Der Autor: Kai Konrad, Senior Marketing Manager, Automotive Safety Systems, Infineon Technologies, Neubiberg

Was heißt nun automatisiertes bzw. autonomes Fahren? Abhängig vom Automatisierungsgrad hat die Society of Automotive Engineers (SAE International) verschiedene Stufen, bzw. Levels definiert (siehe Abbildung). Ähnliche Klassifizierungen gibt es auch vom VDA, der BASt-Projektgruppe oder der National Highway Traffic Safety Administration (NHTSA) in den USA.
Nach SAE steht das Level 0 für die komplette Kontrolle durch den Fahrer, Level 1 definiert assistiertes Fahren. Typisch für die entsprechende Unterstützung sind Bremsassistenten oder ACC-Systeme, diese assistieren bei der Längs- oder Querführung, während der Fahrer immer noch für alle dynamischen Aspekte verantwortlich ist. Mit Level 2 (teilautomatisiert) übernehmen Fahrerassistenzsysteme für eine gewisse Zeit sowohl die Längs- als auch Querführung, während der Fahrer die Systeme dauerhaft überwacht. Mit Parkassistenzsystemen, ACC oder Spurhaltesystemen ist Level 2 bereits heute in Automobilen implementiert.

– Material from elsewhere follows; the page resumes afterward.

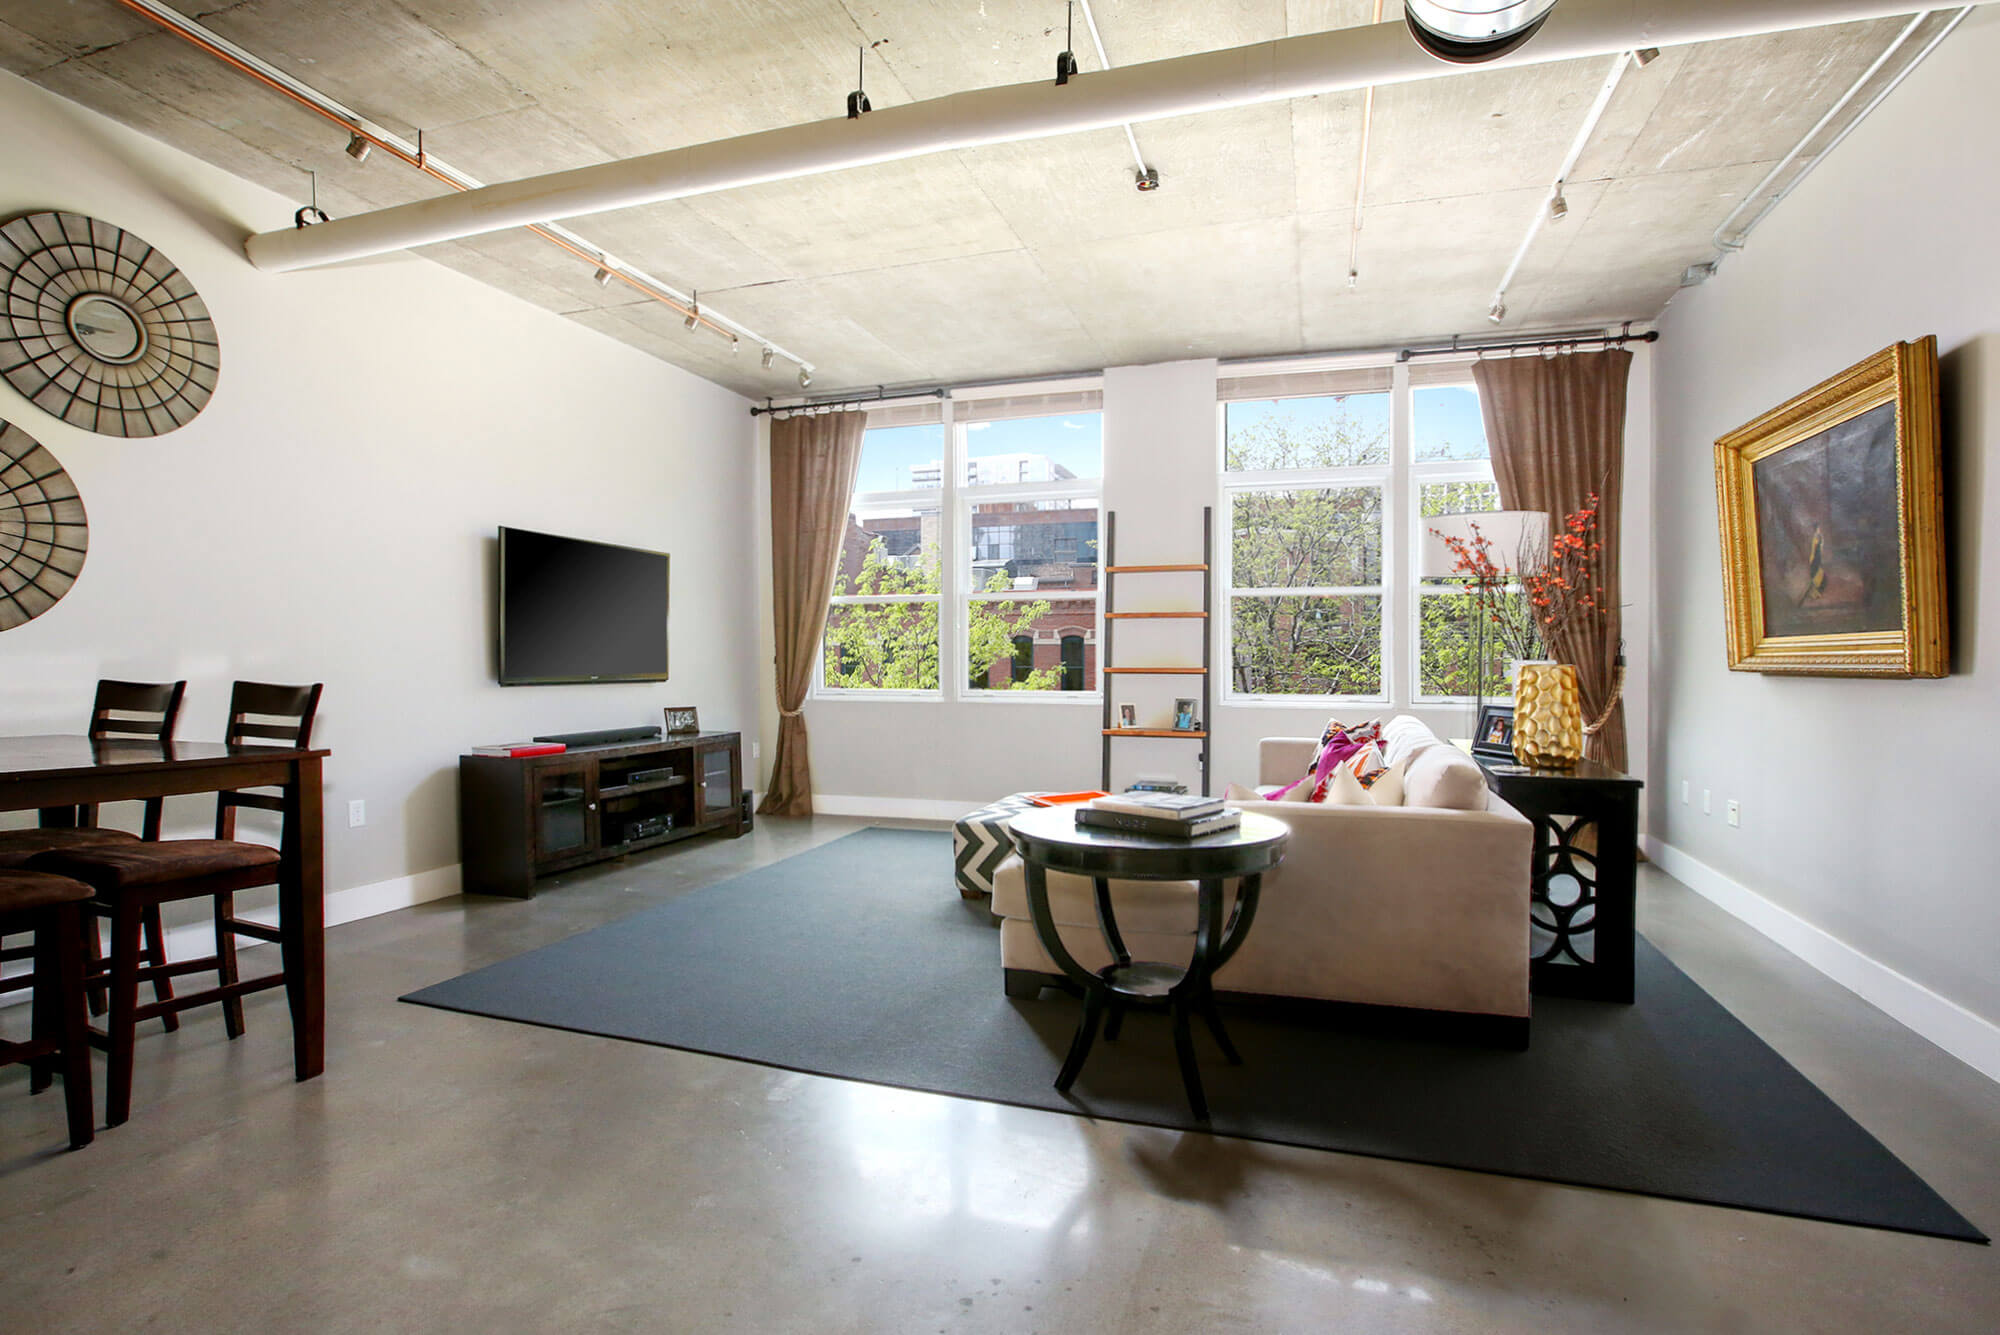 Luxury loft for rent at one of Denver's preeminent luxury residences Titanium Lofts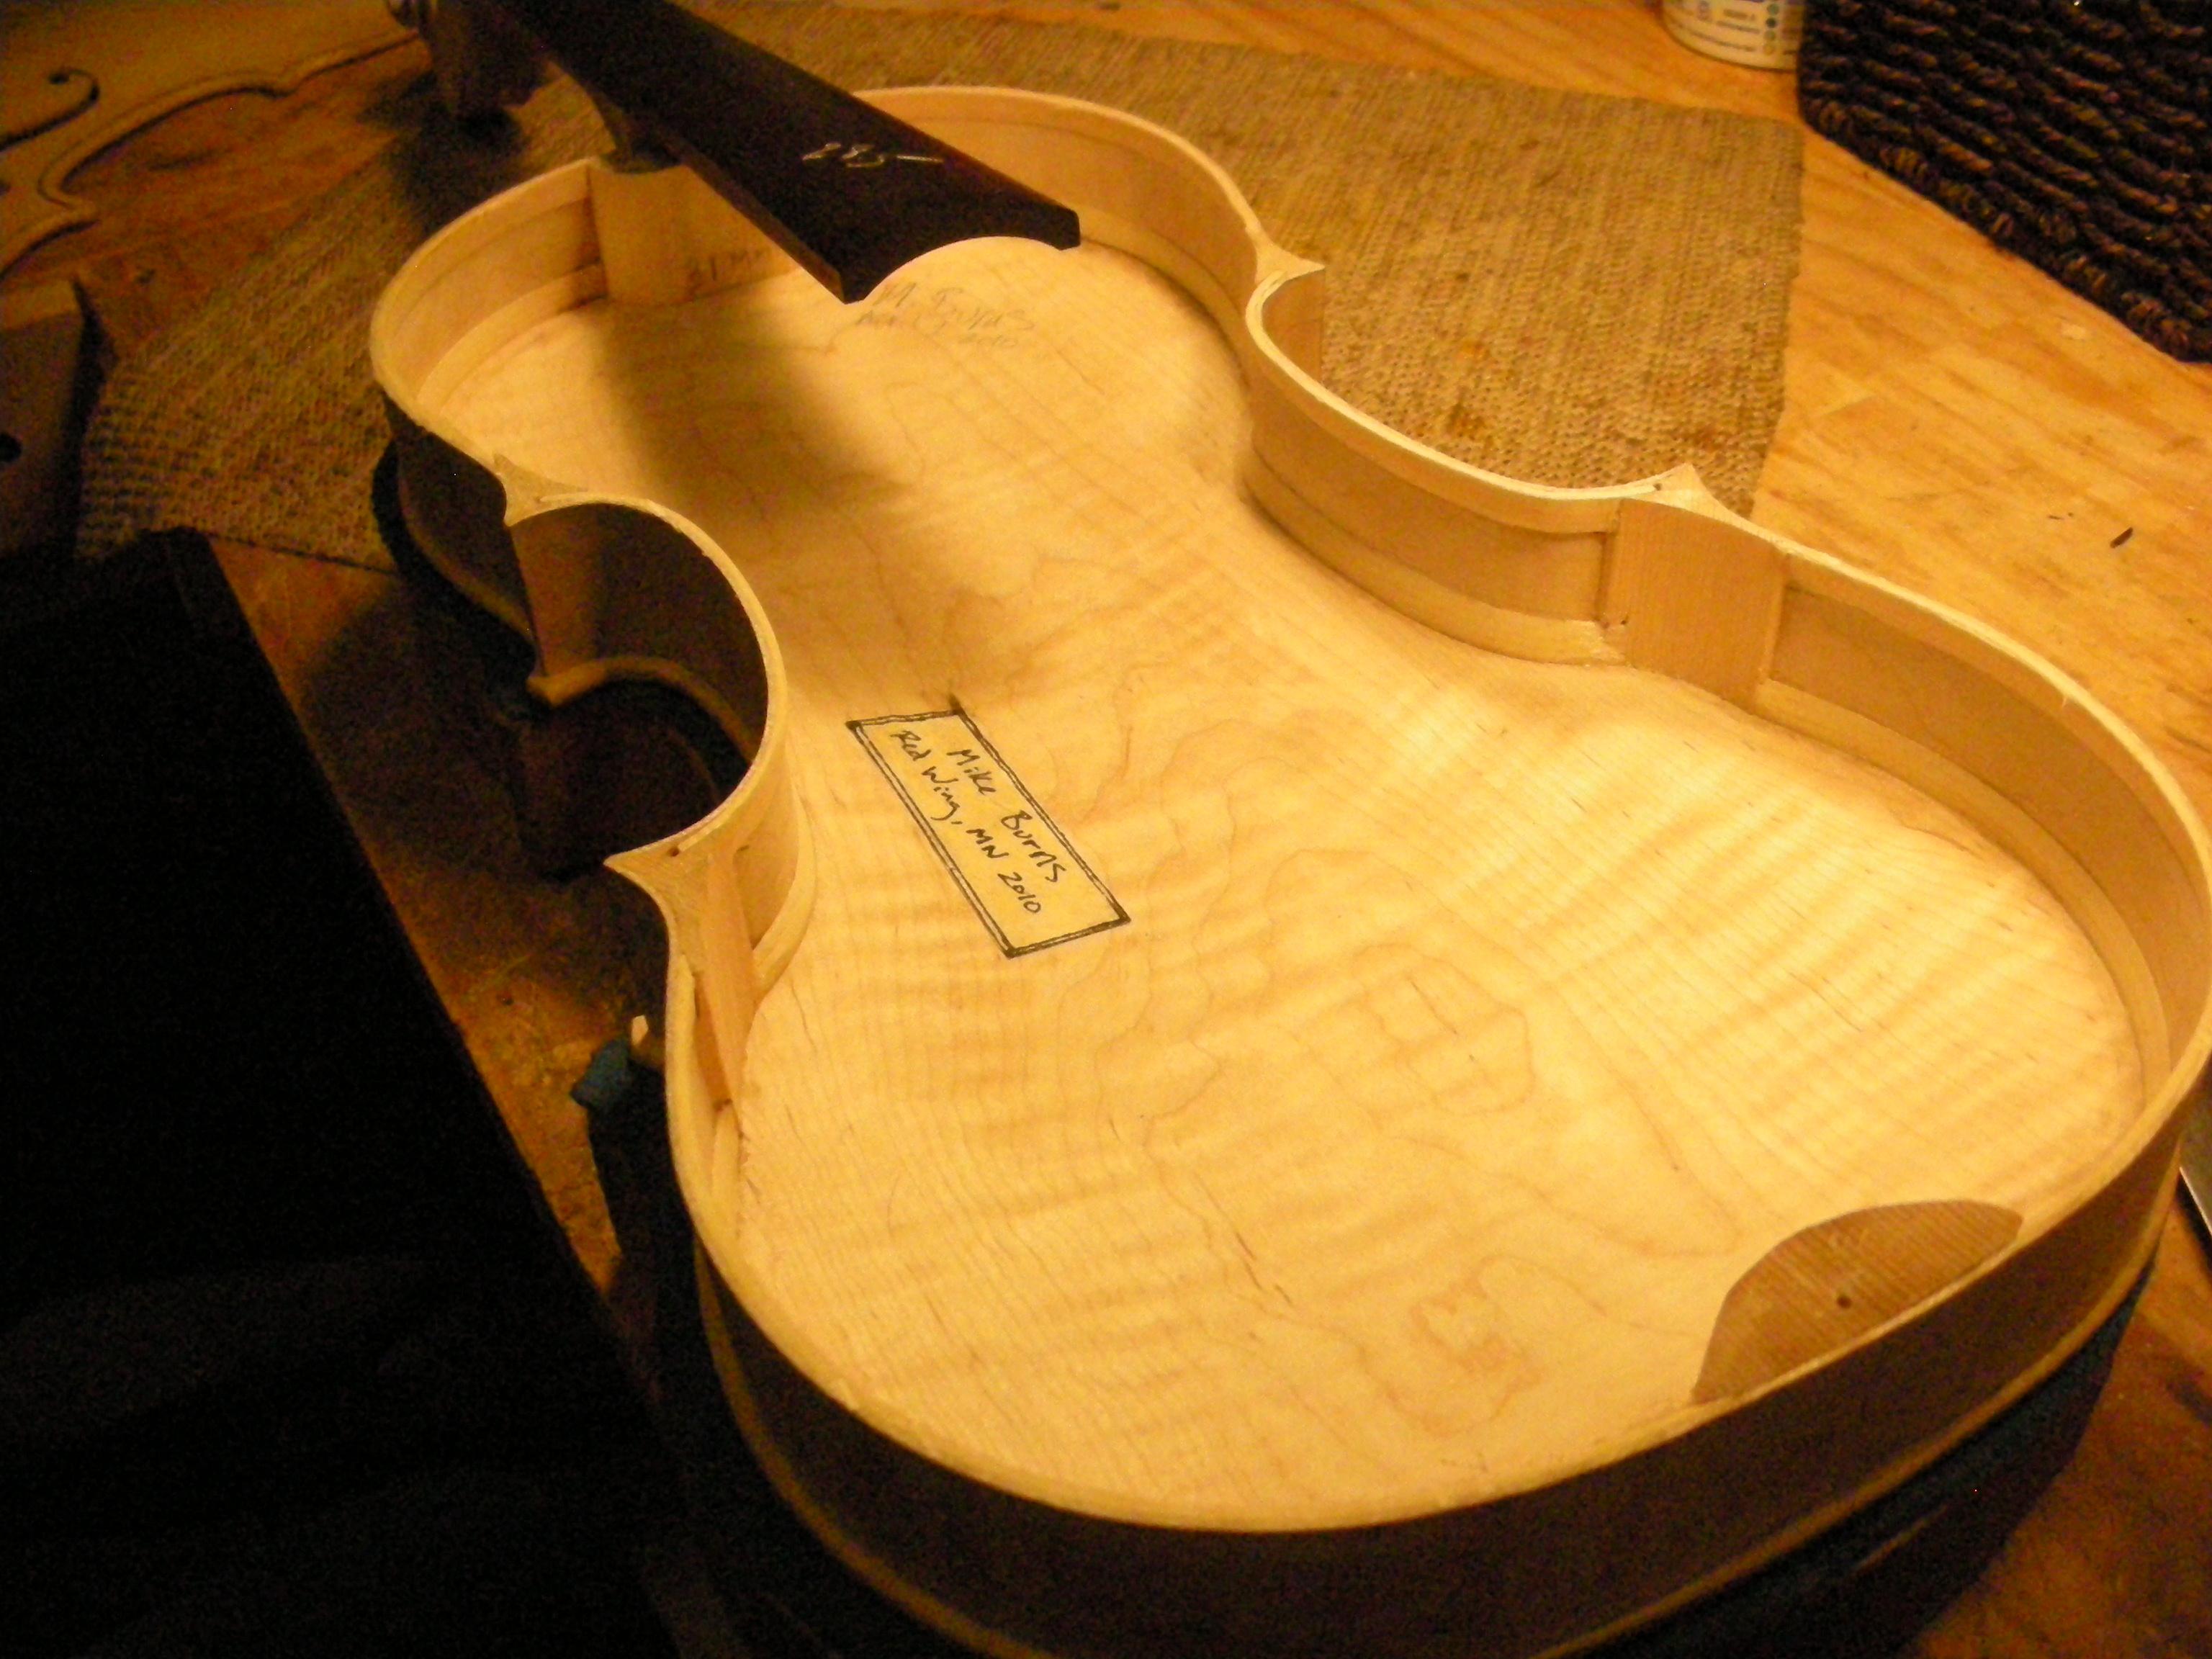 preparing to close new violin box

Mit Level 3 beginnt die konditioniert automatisierte Phase und das Monitoring der Fahrumgebung, während der Fahrer das System nicht mehr dauerhaft überwachen muss. Das automatisierte System steuert alle dynamischen Fahraspekte, wobei bei ausreichender Reaktionszeit auf den Fahrer zurückgegriffen werden kann. Entsprechende Systeme für Level 3 zu entwickeln mit Stauüberwachung, Autobahnfahrt, automatisierten Parksystemen, etc. stellt eine Herausforderung dar.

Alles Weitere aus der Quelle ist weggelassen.